▼
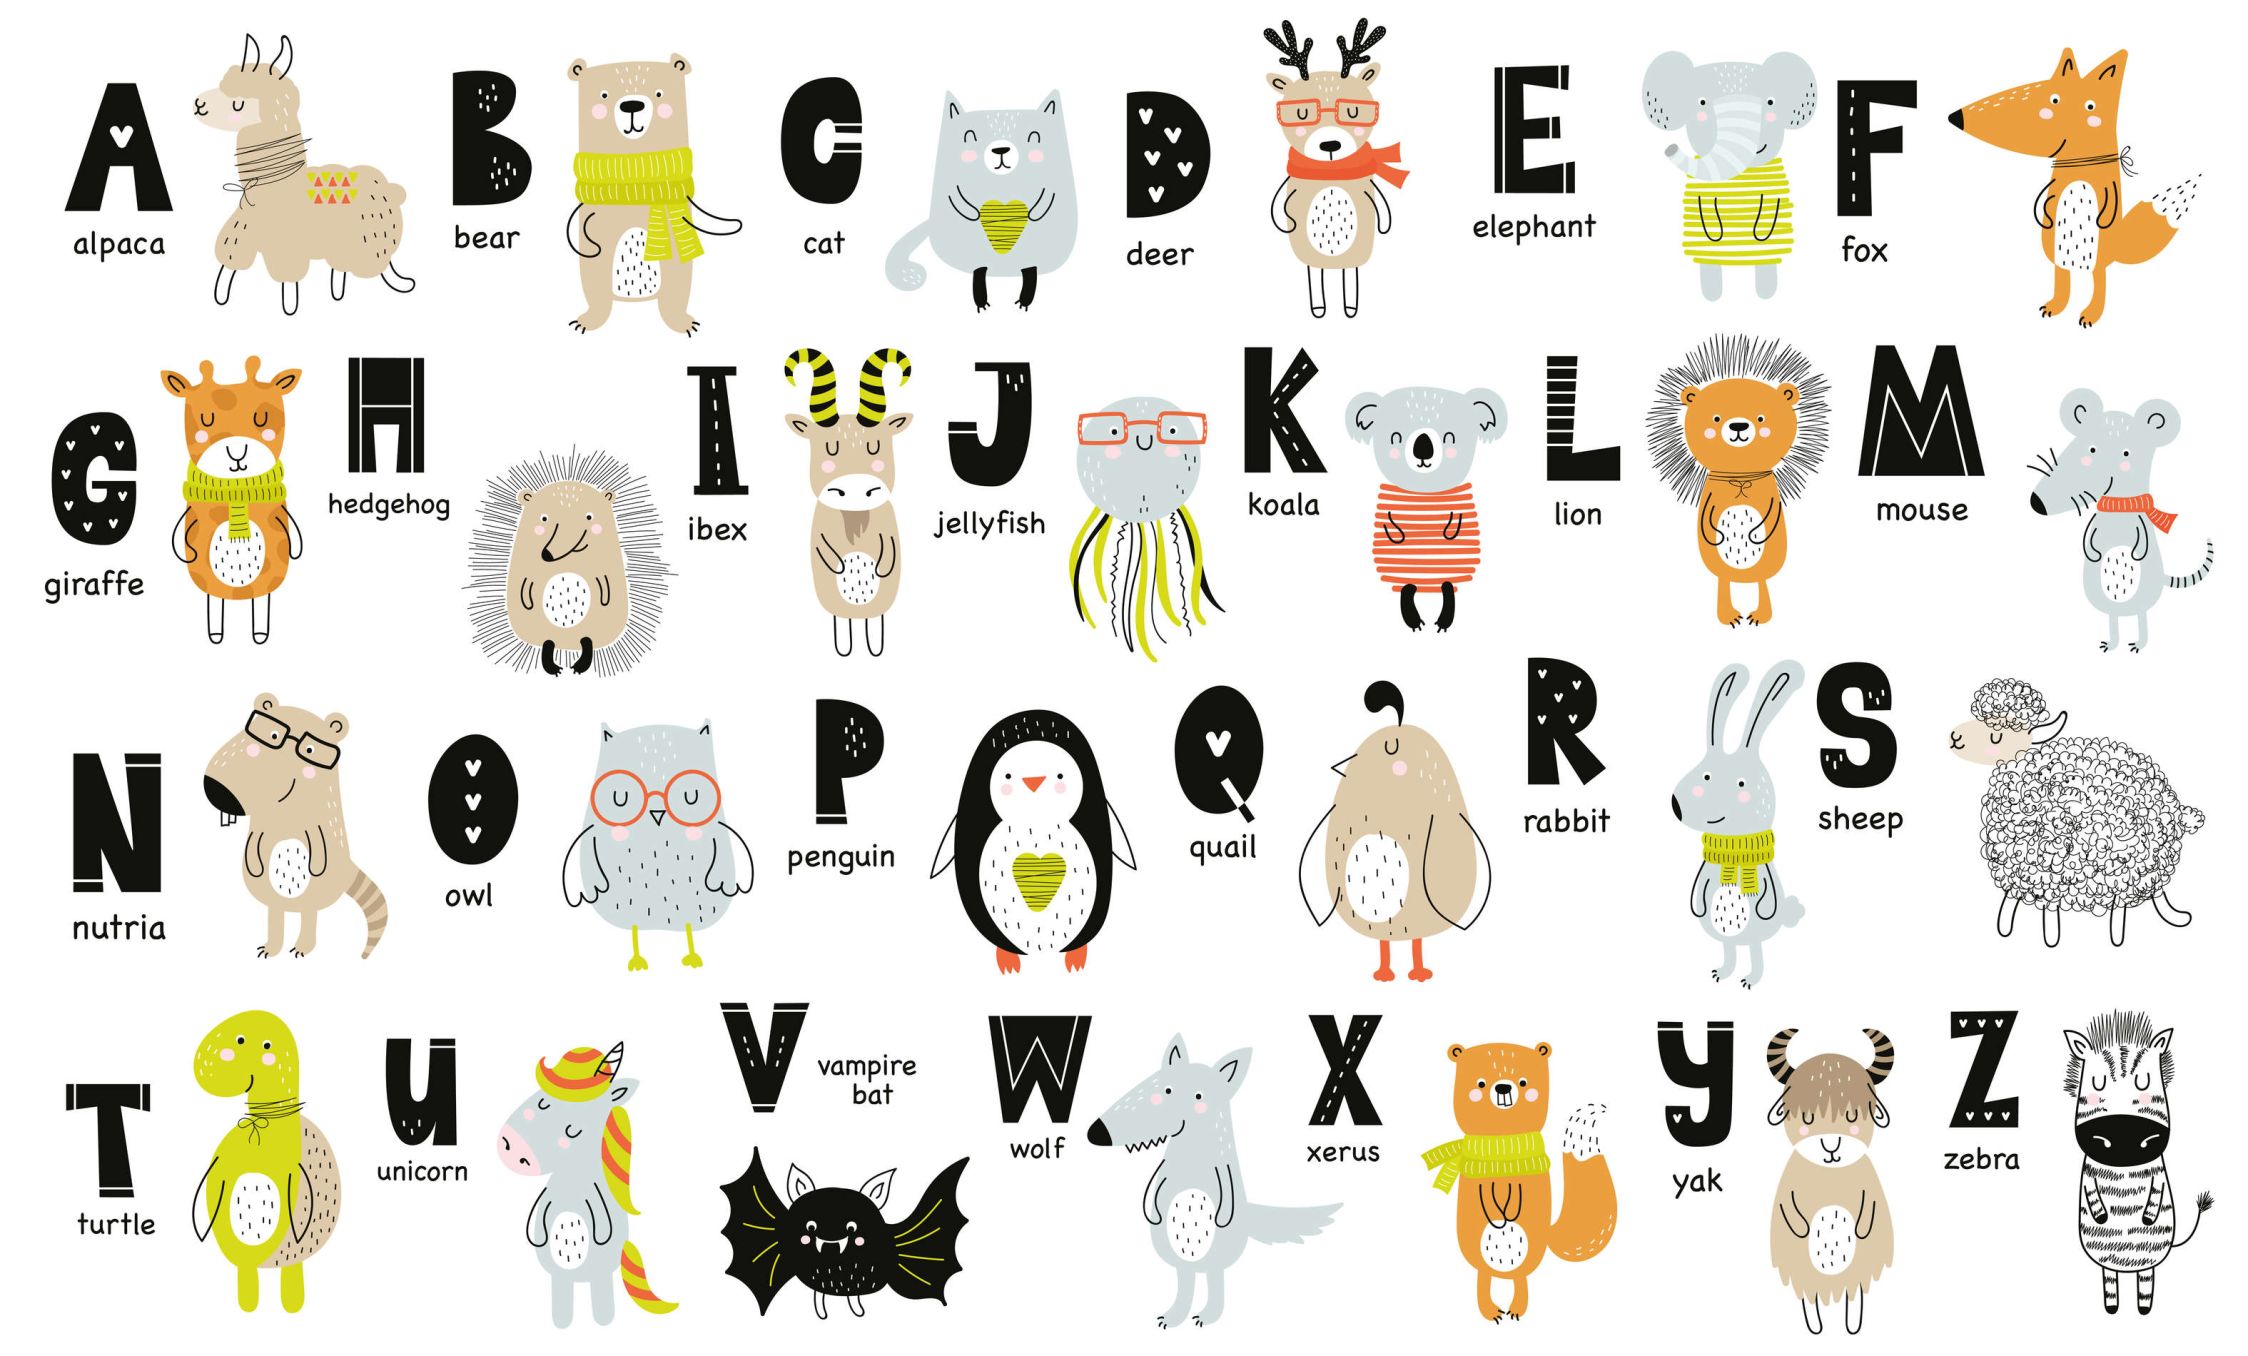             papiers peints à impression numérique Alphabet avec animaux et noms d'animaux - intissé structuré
▲
▼
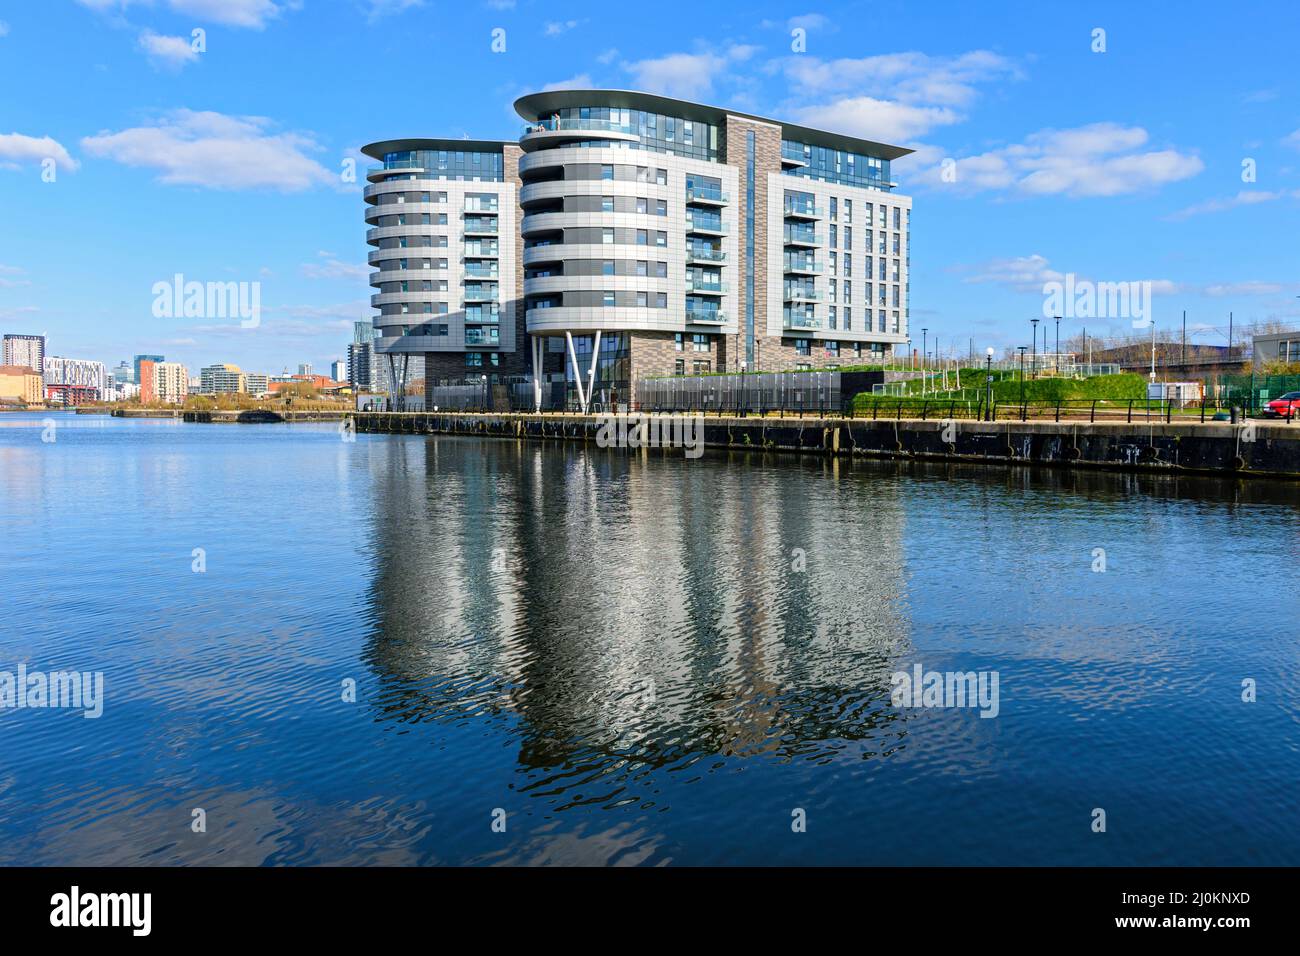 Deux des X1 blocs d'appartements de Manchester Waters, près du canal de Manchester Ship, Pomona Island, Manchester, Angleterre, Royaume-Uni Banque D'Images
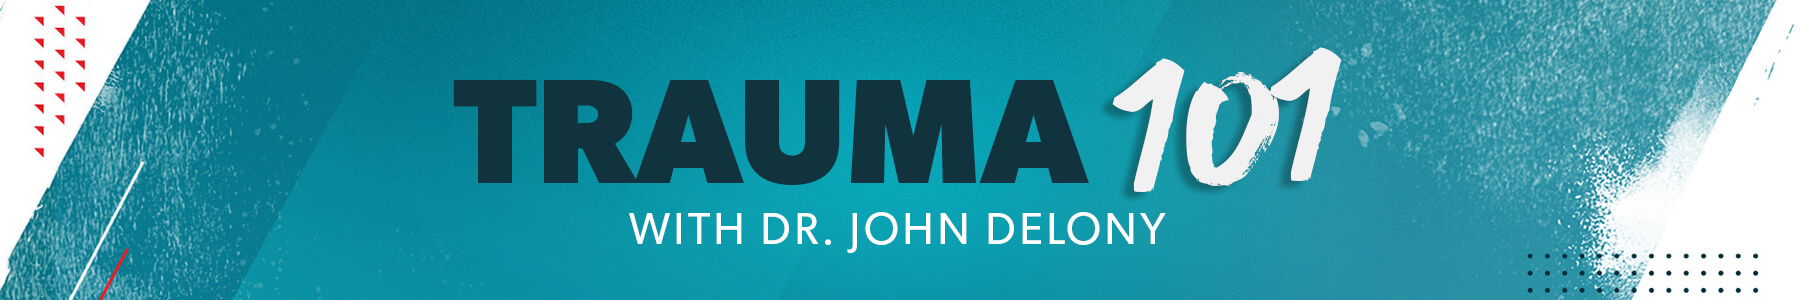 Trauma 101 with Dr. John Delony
▲
Look above for the line with "Deux des X1", then print it and each line after it down to and including the line with "Trauma 101 with Dr. John Delony". Leave out the pictures and keep the wording exact.

 Deux des X1 blocs d'appartements de Manchester Waters, près du canal de Manchester Ship, Pomona Island, Manchester, Angleterre, Royaume-Uni Banque D'Images
 Trauma 101 with Dr. John Delony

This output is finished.